Though the price, including the buyer’s premium, fell short of the low estimate, it was a huge windfall for the savvy seller and space enthusiest, Nancy Lee Carlson of Inverness, Illinois who acquired it from a U.S Marshall Service auction held at Gaston & Sheehan Auctioneers in Pflugerville Texas in February 2015 for $995.

“EXCEPTIONAL, MATTE WHITE HIMALAYA NILOTICUS CROCODILE DIAMOND BIRKIN 30 WITH 18K WHITE GOLD & DIAMOND HARDWARE HERMES, 2014”. Price realized HKD 2,940,000 ($380,000)

In any case, the lunar sample return bag, which still holds traces of moon dust and made of the same kind of flame retardant material as space suits, easily rates as the most expensive bag of any kind, utilitarian or luxury, in auction history, easily outdistancing, for example, the white crocodile-skin, jewel encrusted and 18 karat gold adorned Birkin handbag by Hermes from 2014 that fetched HK2.94 million/$380,000 at Christie’s Hong Kong sale in May.

Remarkably, the bag has a colorful provenance and though it was meant to go from its collection point at the Johnson Space Center to the Smithsonian Institution in Washington back in 1969, a glitch left it behind.

Another collector, former curator Max Ary reportedly associated with a space museum in Kansas, got hold of the bag and had it until it was seized along with other related and purlioned space items by the FBI after the collector was convicted of theft and financial crimes.

Eventually, an otherwise unnamed Illinois lawyer acquired the white, zippered bag with its bold face ID in black, LUNAR SAMPLE RETURN on the front of it at the Texas auction in 2015.

The new owner sent the bag to NASA for testing in 2016 and it was confirmed the bag was from the Apollo 11 Mission and contained authentic traces of lunar dust..

Other sought after items at Sotheby’s from that 1969 mission, representing the first human touch down on the moon, was lunar module Eagle pilot Michael Collins’ “Crew-Signed Apollo 11 Emblem (flown to the moon)” that fetched $68,750 (est. $40-60,000).

But the sale’s stand out bidding drama was reserved for the “Apollo 13 Flown Flight Plan with Extensive Annotations by the Crew,” which soared past expectations, hitting $275,000 (est. $30-40,000).

Apollo 13 was the near fatal mission in 1970 when an oxygen tank exploded, cripling the service module and forcing the crew to abort the lunar landing.
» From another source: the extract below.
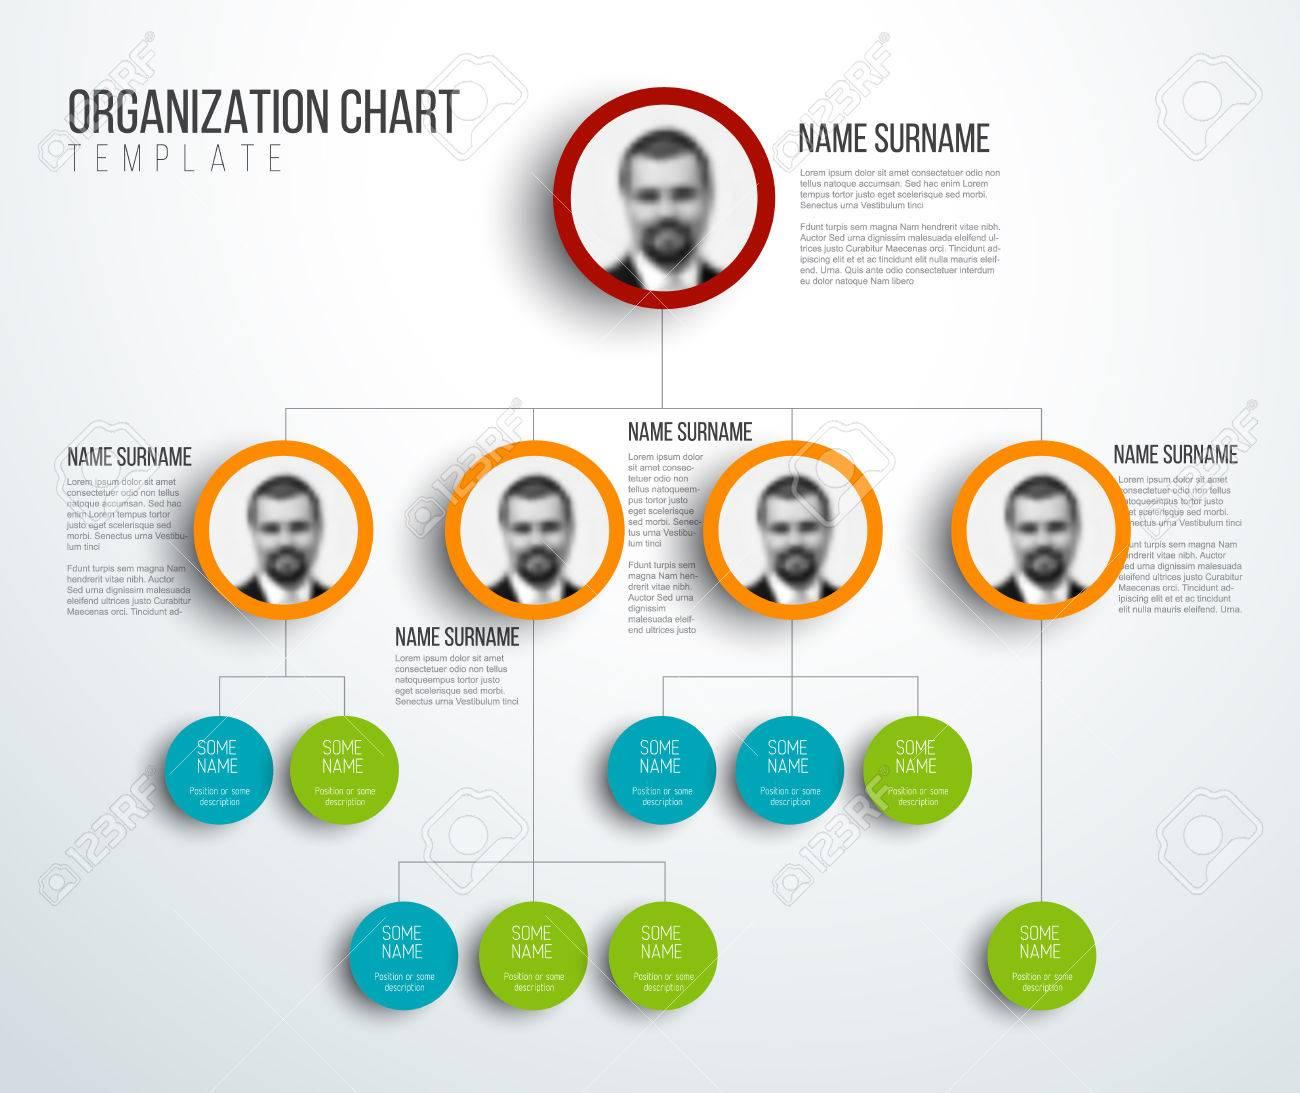 minimalist organization hierarchy chart template light version

The astronauts made it safely back to Earth six days after the launch and that drama was artfully captured in Ron Howard’s 1995 Oscar winning Hollywood film “Apollo 13.”

By contrast, the “Apollo 11 Flown flight plan sheet” made $50,000 (est. $25-35,0000).
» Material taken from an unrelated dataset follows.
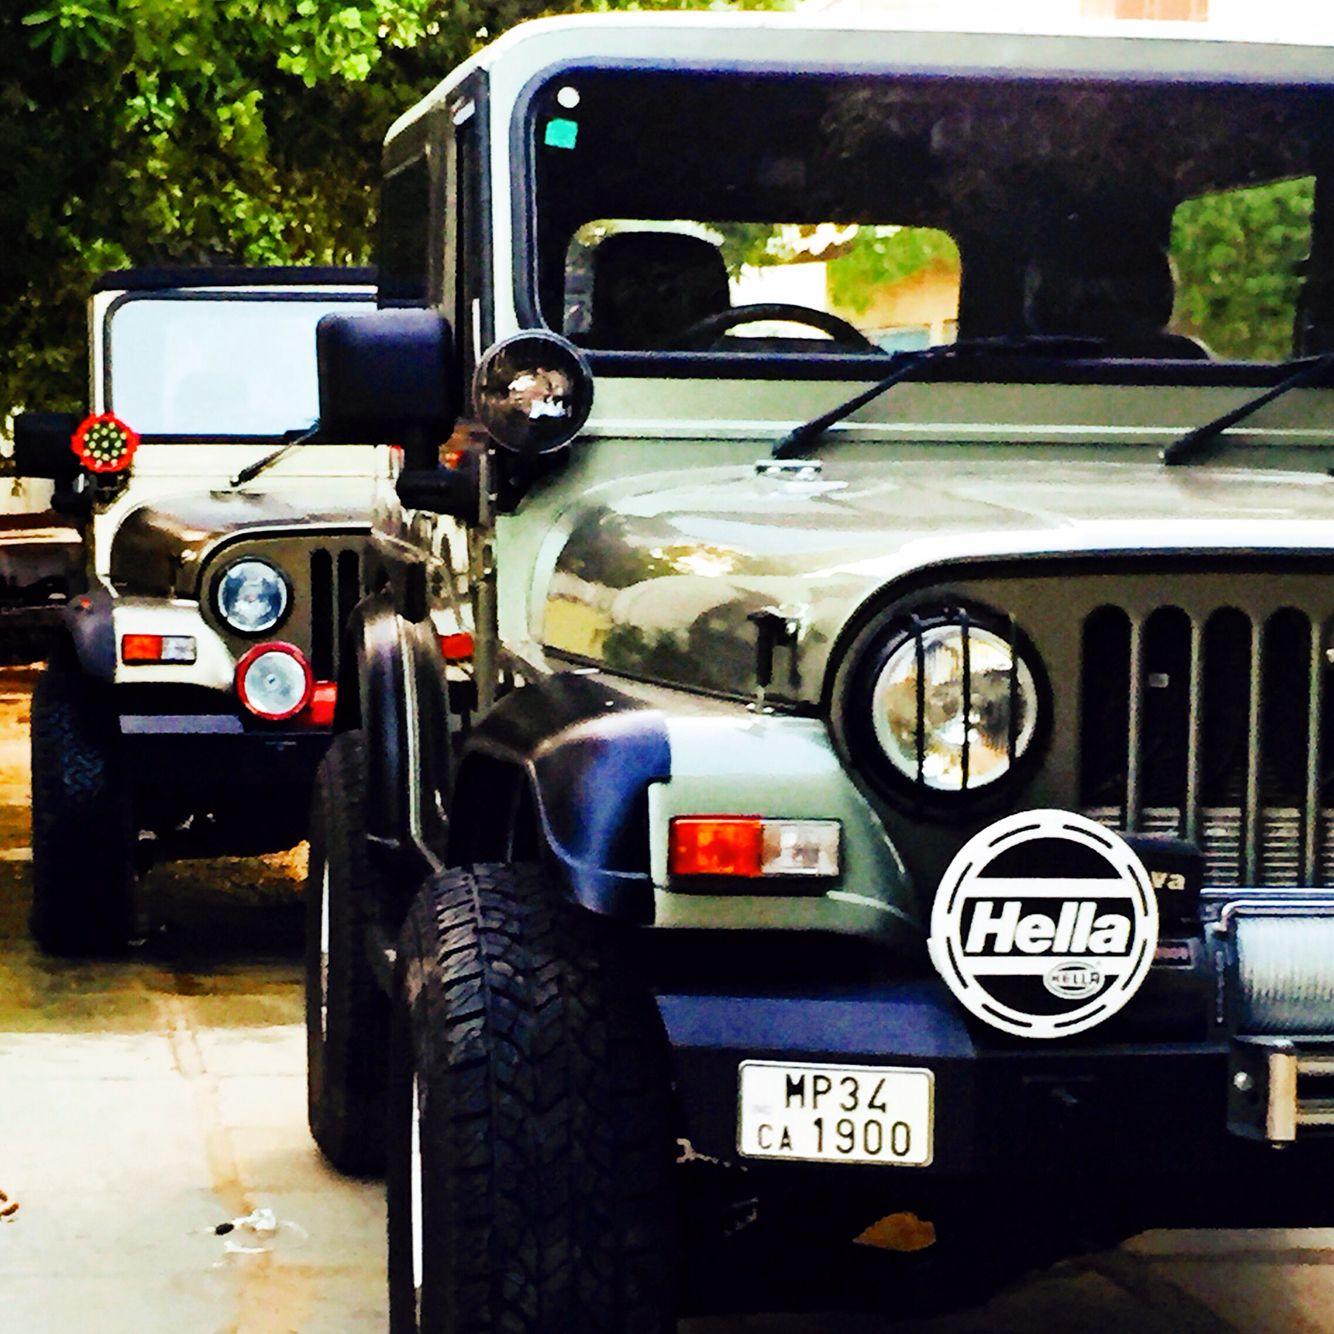 Rajputana Jeeps Custom Thar Mahindra Thar Jeep Jeep Willys

It was Sotheby’s first space memorabilia auction since 1996. That sale fetched $993,106, led by a “Kosmos 1978 Spy Satellite” that sold for $112,500 (est. $100-150,000).

Vostok 3KA-2 Test Space Capsule. Price realized $2.8 Million (Sotheby’s New York in April 2011)

The undisputed star of that auction, however, failed to sell when the incredibly rare and Soviet made “Vostok 3KA-2 Test Space Capsule,” billed as “Earth’s first space ship,” failed to sell against an estimate of $800,000 to $1.2 million.

That spurned object, crafted in aluminum alloy and which carried cosmonaut-mannequin Ivan Ivanovich and Zvezdochka, a real dog in March 1961, came back to market at Sotheby’s New York in April 2011 when it made $2,882,500 (est. $2-10 million), still the highest price for any space artifact sold at auction.

It was the final test mission and prototype vehicle that led to Yuri Gagarin’s first manned space flight in an identical capsule that took place just 18 days later.

The Vostok was the only Russian spaceship held in private hands, with the other surviving capsules sheltered in Russian museum collections.

“Reflecting the enduring and universal fascination with space,” commented Cassandra Hatton, senior specialist of Sotheby’s Books & Manuscripts Department who ran the sale, “the $1.8 million achieved for the Apollo 11 lunar sample bag and strong price for objects related to other missions were driven by over 500 participants from dozens of countries with many buyers new to Sotheby’s.”